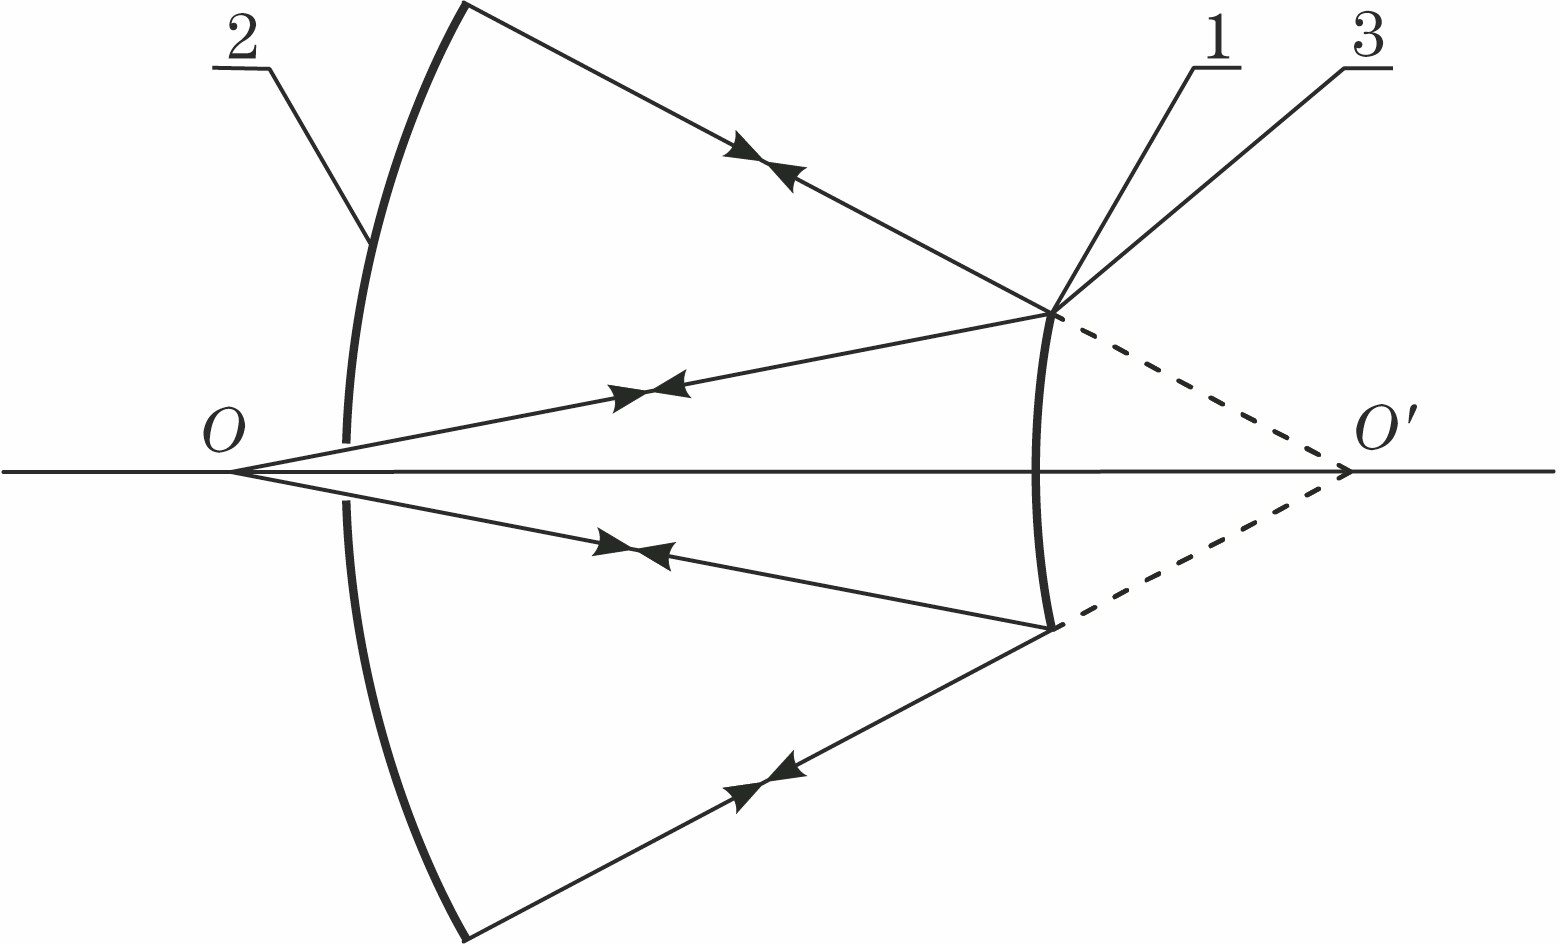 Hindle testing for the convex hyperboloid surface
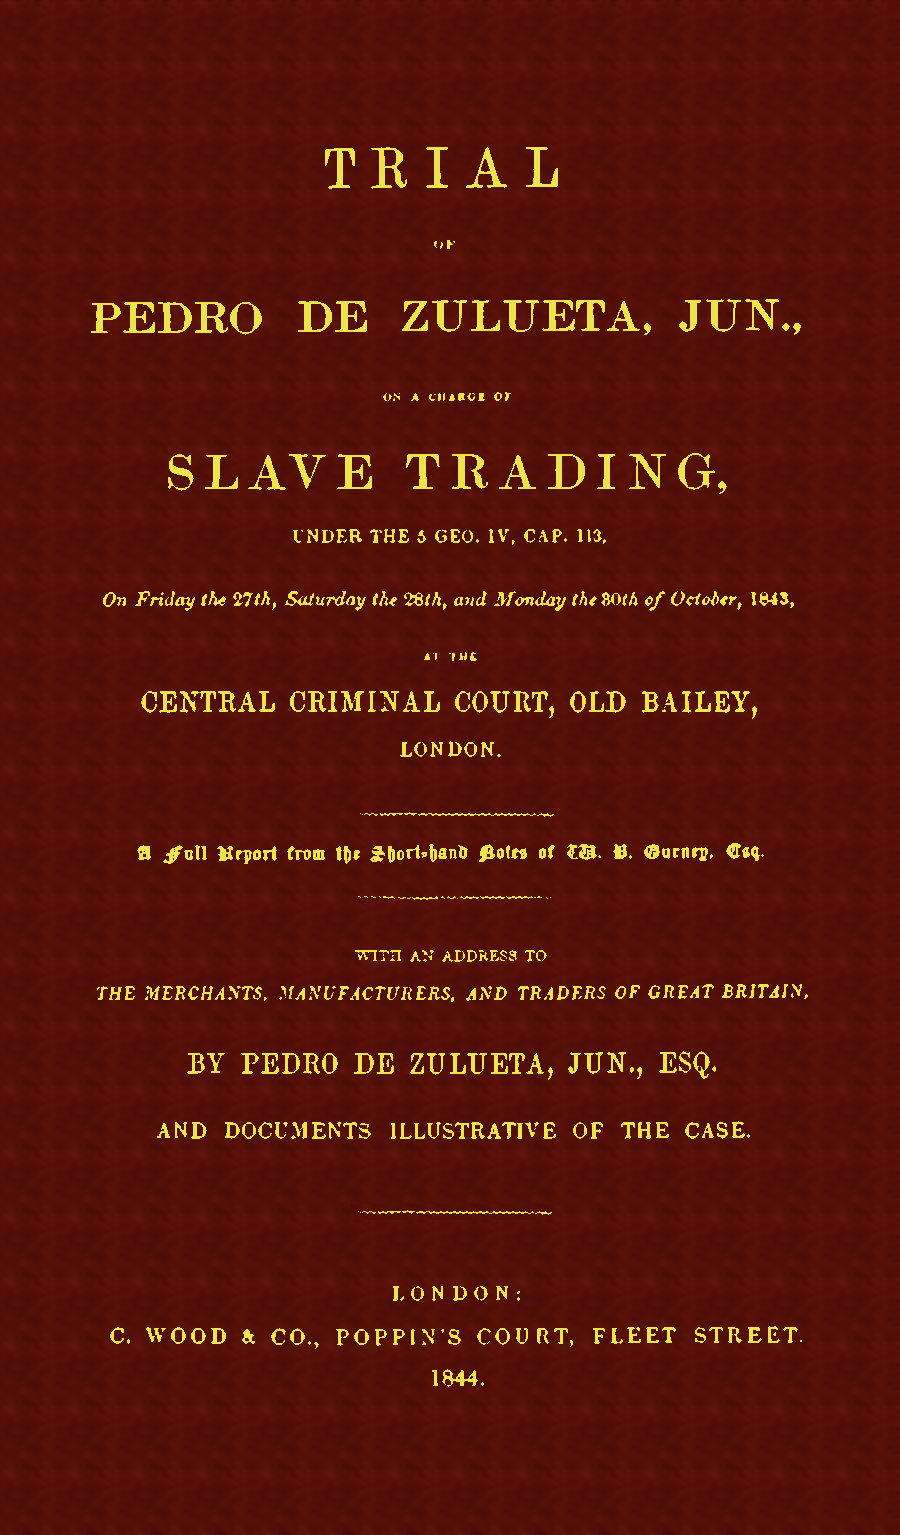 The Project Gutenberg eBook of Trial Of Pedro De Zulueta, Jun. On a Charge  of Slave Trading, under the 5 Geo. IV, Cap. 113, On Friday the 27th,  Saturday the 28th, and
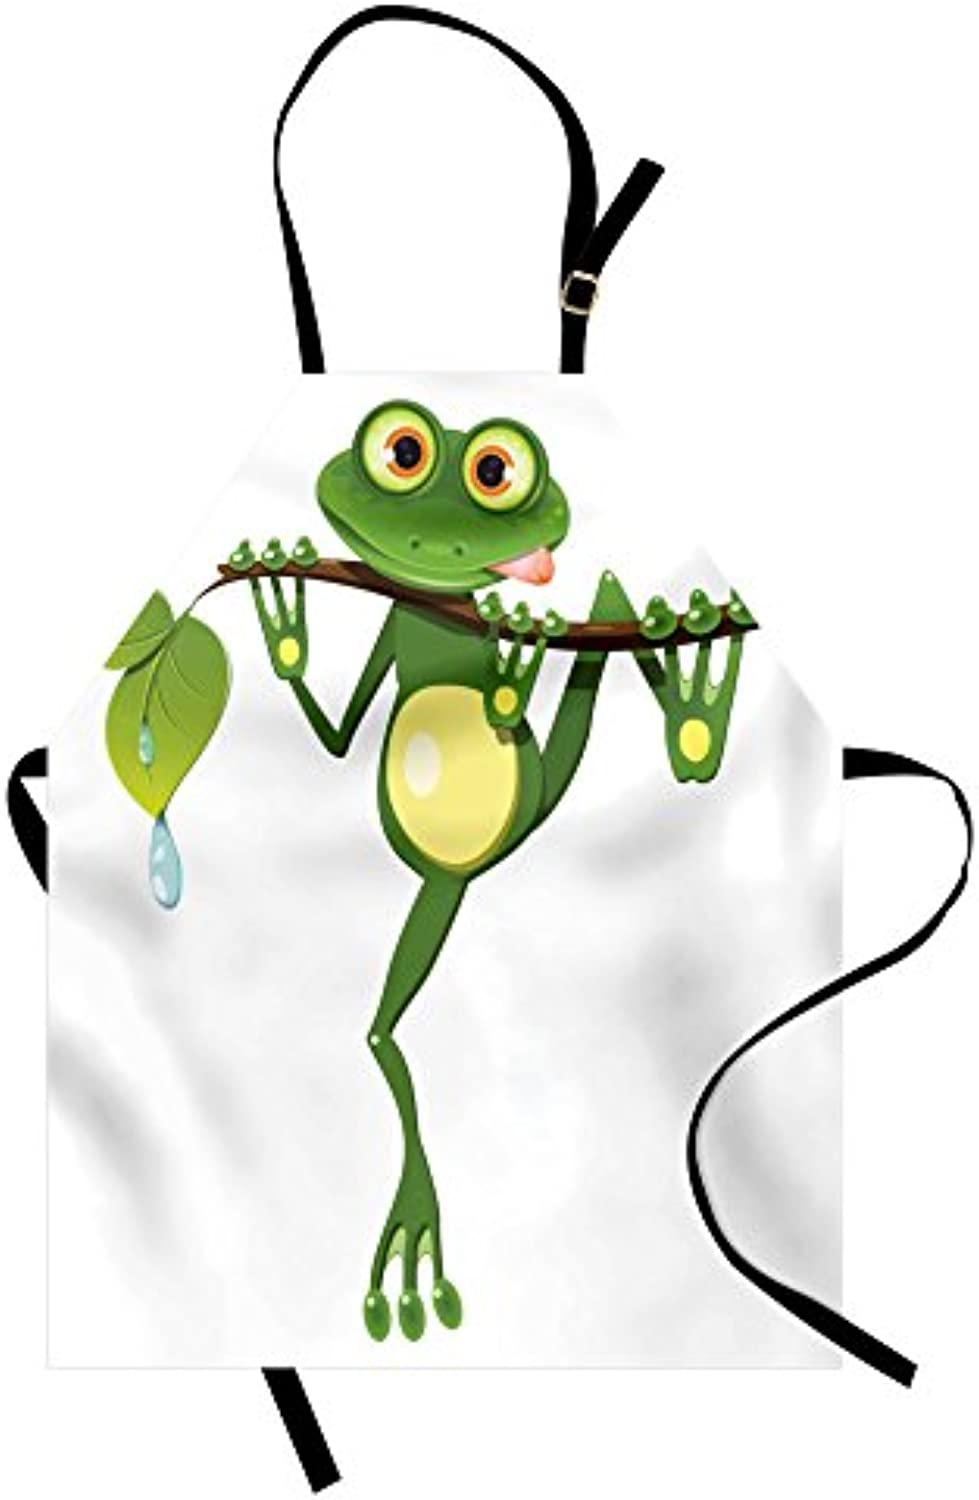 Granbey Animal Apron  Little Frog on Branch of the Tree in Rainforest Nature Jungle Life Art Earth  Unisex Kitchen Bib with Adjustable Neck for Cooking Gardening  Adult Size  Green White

● **Exercise objective**
Before you finish, make sure every line above has been repeated exactly and no picture remains in the copy.

● **Finished task**
 Hindle testing for the convex hyperboloid surface
 The Project Gutenberg eBook of Trial Of Pedro De Zulueta, Jun. On a Charge  of Slave Trading, under the 5 Geo. IV, Cap. 113, On Friday the 27th,  Saturday the 28th, and
 Granbey Animal Apron  Little Frog on Branch of the Tree in Rainforest Nature Jungle Life Art Earth  Unisex Kitchen Bib with Adjustable Neck for Cooking Gardening  Adult Size  Green White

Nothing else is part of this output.